I started my morning listening to a Charlie Parker recording on Spotify as I showered.
This is a record I have had since I was a boy living in Tennessee. Oddly enough I was thinking of how Parker reminds me of Samuel Scheidt.
Both men were geniuses of the the trailblazing type. No one had ever played saxophone licks the way Parker did. His musical ideas were original and jumped out of his horn full cloth and ready to take your ears someplace new.
Harald Vogel writes of Scheidt’s 3 Volume Tabulatura Nova “Parts I and II present virtuosic masterworks, each of which is uniquely conceived; there are in fact no duplications in the various approaches to form.”
Also Vogel says that Scheidt’s volume was the “most important collection of keyboard works to be published in Germany before the eighteenth century” and was “one of the most extensive publications in the history of keyboard music.”
I have been playing my way through Scheidt’s magnum opus. Yesterday I arrived at page 68 and began playing the above piece. It was really the first piece that grabbed me at all. The dude above is only playing half of the variations Scheidt provides.
Today is the first episode in the new season of Majority 54 podcasts. I admire the goals of this podcast: “Jason Kander is an army veteran from Kansas City, Missouri and the first millennial elected to statewide office in the United States. He’s traveling the country to help the 54% of us who didn’t vote for Donald Trump talk to those of us who did about the most divisive issues in our country. ”

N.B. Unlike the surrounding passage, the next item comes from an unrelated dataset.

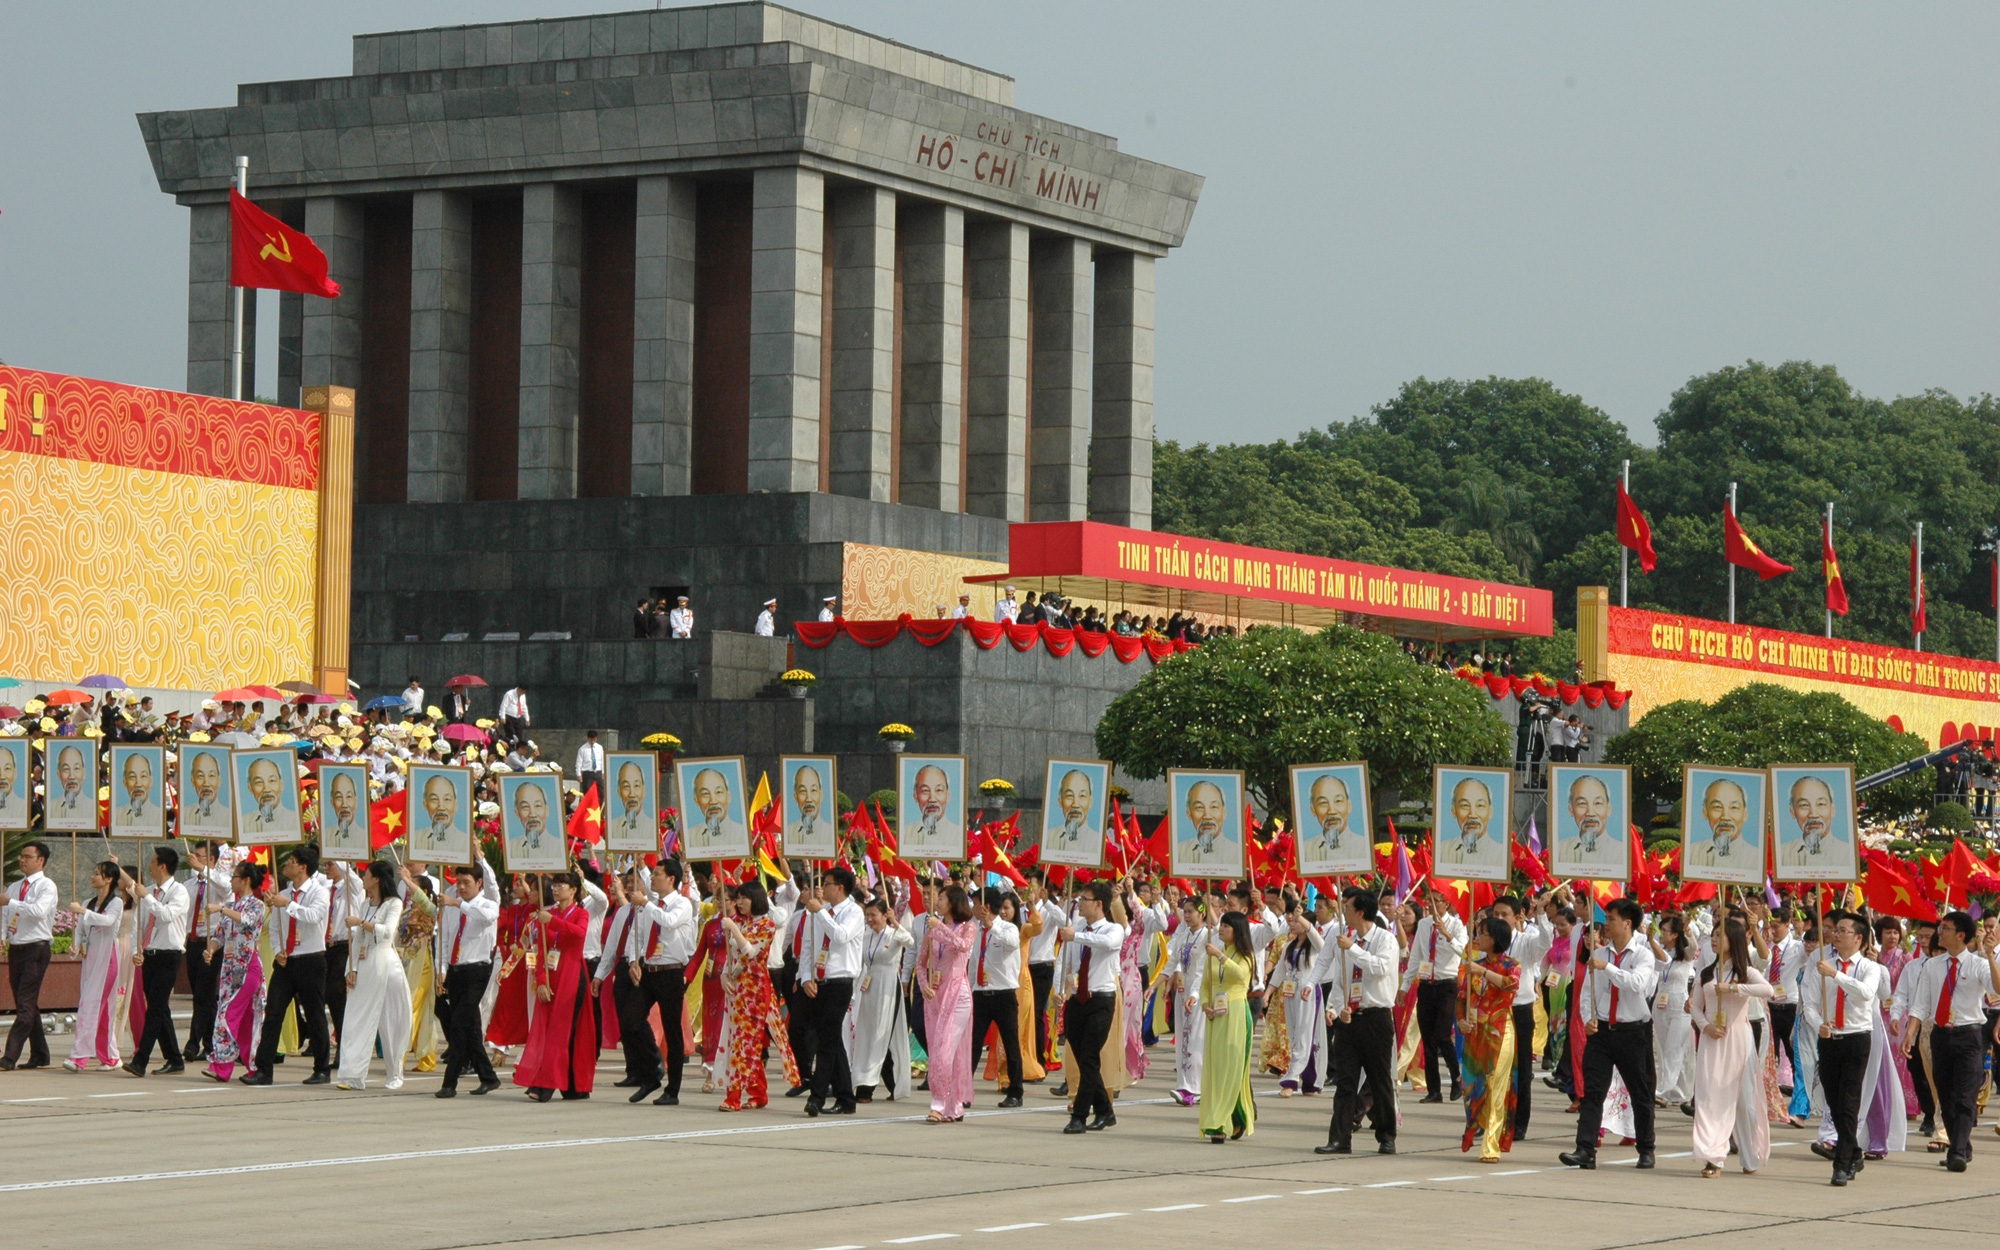 Bồi dưỡng đạo đức cách mạng theo Di chúc Chủ tịch Hồ Chí Minh - Một trong những yêu cầu cấp thiết hàng đầu hiện nay

Dehumanizing other people is something I have been thinking about. Yesterday I read this sentence in Sally Kohn’s book on The Opposite of Hate: “Dehumanization isn’t a way of talking. It’s a way of thinking—a way of thinking that, sadly, comes all too easily to us.”
I was reading Kohn’s book on my tablet in the dark before getting up. Later after my morning ablutions and cleaning the kitchen, I turned to David Livingstone Smith’s Less Than Human: Why We Demean, Enslave, and Exterminate Others and ran across the source of the quote (Kohn had mentioned it, but I hadn’t remembered that it was Smith who said it).
A couple more quotes from yesterday morning from Kohn.
“[T]he question is how we as people and as societies help make habits out of independent thinking—how we can use the spaces in which we come together, from schools to churches to nations, to simultaneously understand how we’re all connected to each other and at the same time learning how to think independently.”
Thinking is what is needed to manage to abandon the limitations of our built implicit and explicit biases according to Kohn and the researchers she quotes.
Finally for today a lovely quote from Dostoyevsky from Kohn’s book.
“Nothing is easier than to denounce the evildoer, nothing is harder than to understand him.”
A google search reveals this is from The Possessed.